Download an undefined number of files with HttpWebRequest.BeginGetResponse_问答_开发者

I have to write a small app which downloads a few thousand files. Some of these files contain reference to other files that must be downloaded as part of the same process. The following code downloads the initial list of files, but I would like to download the others files as part of the same loop. What is happening here is that the loop completes before the first request come back. Any idea how to achieve this?

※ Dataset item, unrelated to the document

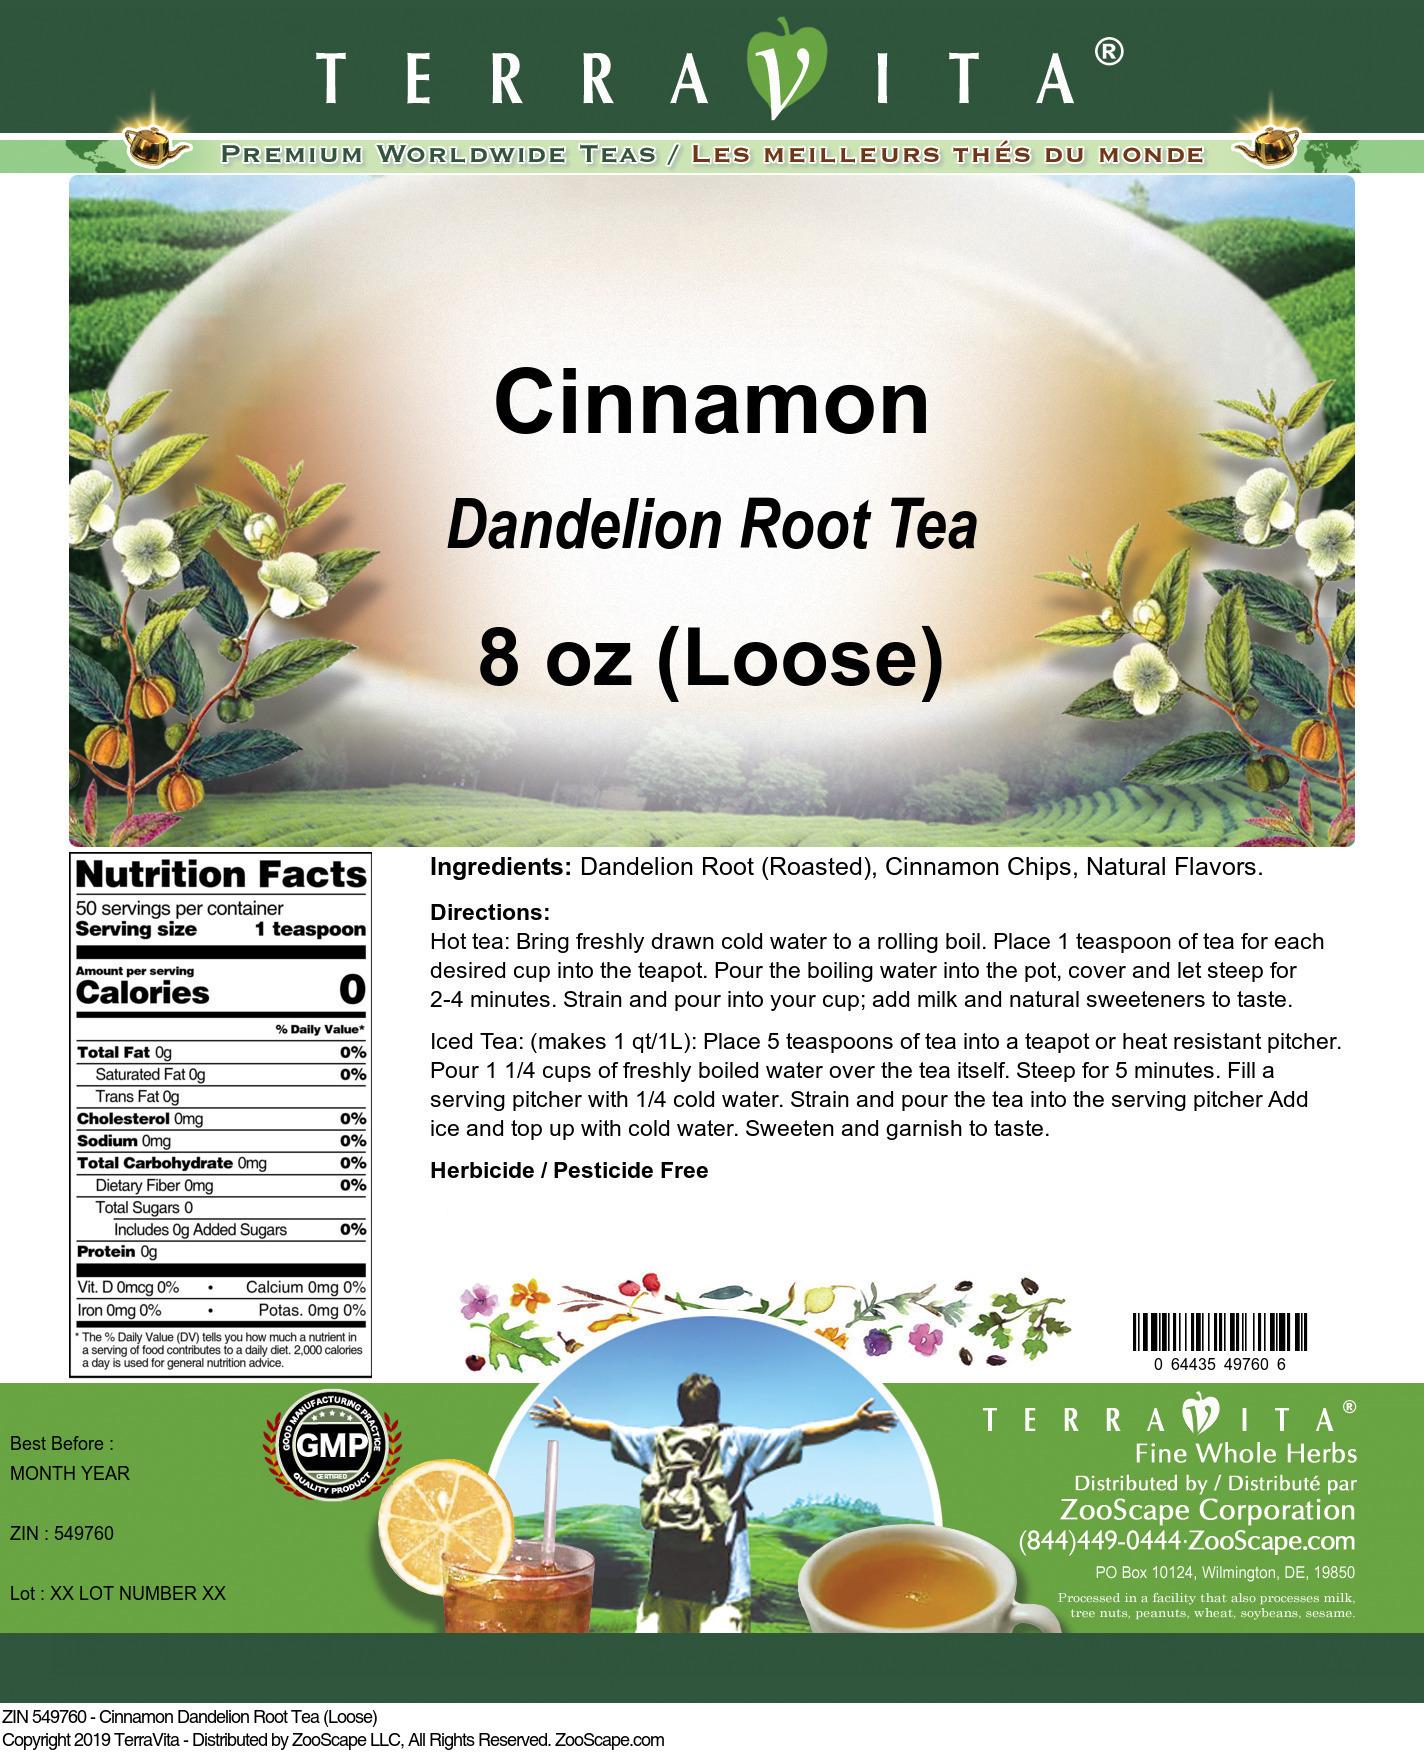 Cinnamon Dandelion Root

var countdownLatch = new CountdownEvent(Urls.Count);

string url;
while (Urls.TryDequeue(out url))
{
    HttpWebRequest webRequest = (HttpWebRequest)WebRequest.Create(url);
    webRequest.BeginGetResponse(
        new AsyncCallback(ar =>
        {
            using (HttpWebResponse response = (ar.AsyncState as HttpWebRequest).EndGetResponse(ar) as HttpWebResponse)
            {
                using (var sr = new StreamReader(response.GetRespo开发者_如何学JAVAnseStream()))
                {
                    string myFile = sr.ReadToEnd();

                    // TODO: Look for a reference to another file. If found, queue a new Url.
                }
            }
        }), webRequest);
}

ce.Wait();

One solution which comes to mind is to keep track of the number of pending requests and only finish the loop once no requests are pending and the Url queue is empty:

string url;
int requestCounter = 0;
int temp;
AutoResetEvent requestFinished = new AutoResetEvent(false);
while (Interlocked.Exchange(requestCounter, temp) > 0 || Urls.TryDequeue(out url))
{
    if (url != null)
    {
        Interlocked.Increment(requestCounter);
        HttpWebRequest webRequest = (HttpWebRequest)WebRequest.Create(url);
        webRequest.BeginGetResponse(
            new AsyncCallback(ar =>
            {
                try {
                    using (HttpWebResponse response = (ar.AsyncState as HttpWebRequest).EndGetResponse(ar) as HttpWebResponse)
                    {
                        using (var sr = new StreamReader(response.GetResponseStream()))
                        {
                            string myFile = sr.ReadToEnd();

                            // TODO: Look for a reference to another file. If found, queue a new Url.
                        }
                    }
                } 
                finally { 
                    Interlocked.Decrement(requestCounter); 
                    requestFinished.Set();
                }
            }), webRequest);
    }
    else
    {
        // no url but requests are still pending
        requestFinished.WaitOne();
    }
}

You are tryihg to write a webcrawler. In order to write a good webcrawler, you first need to define some parameters...

1) How many request do you want to download simultaneously? In other words, how much throughput do you want? This will determine things like how many requests you want outstanding, what the threadpool size should be etc.

2) You will have to have a queue of URLs. This queue is populated by each request that completes. You now need to decide what the growth strategy of the queue is. For eg, you cannot have an unbounded queue, as you can pump workitems into the queue faster than you can download from the network.

Given this, you can design a system as follows:

Have max N worker threads that actually download from the web. They take one time from the queue, and download the data. They parse the data and populate your URL queue.

If there are more than 'M' URLs in the queue, then the queue blocks and does not allow anymore URLs to be queued. Now, here you can do one of two things. You can either cause the thread that is enqueuing to block, or you can just discard the workitem being enqueued. Once another workitem completes on another thread, and a URL is dequeued, the blocked thread will now be able to enqueue succesfully.

With a system like this, you can ensure that you will not run out of system resources while downloading the data.

Implementation:

Note that if you are using async, then you are using an extra I/O thread to do the download. THis is fine, as long as you are mindful of this fact. You can do a pure async implementation, where you can have 'N' BeginGetResponse() outstanding, and for each one that completes, you start another one. THis way you will always have 'N' requests outstanding.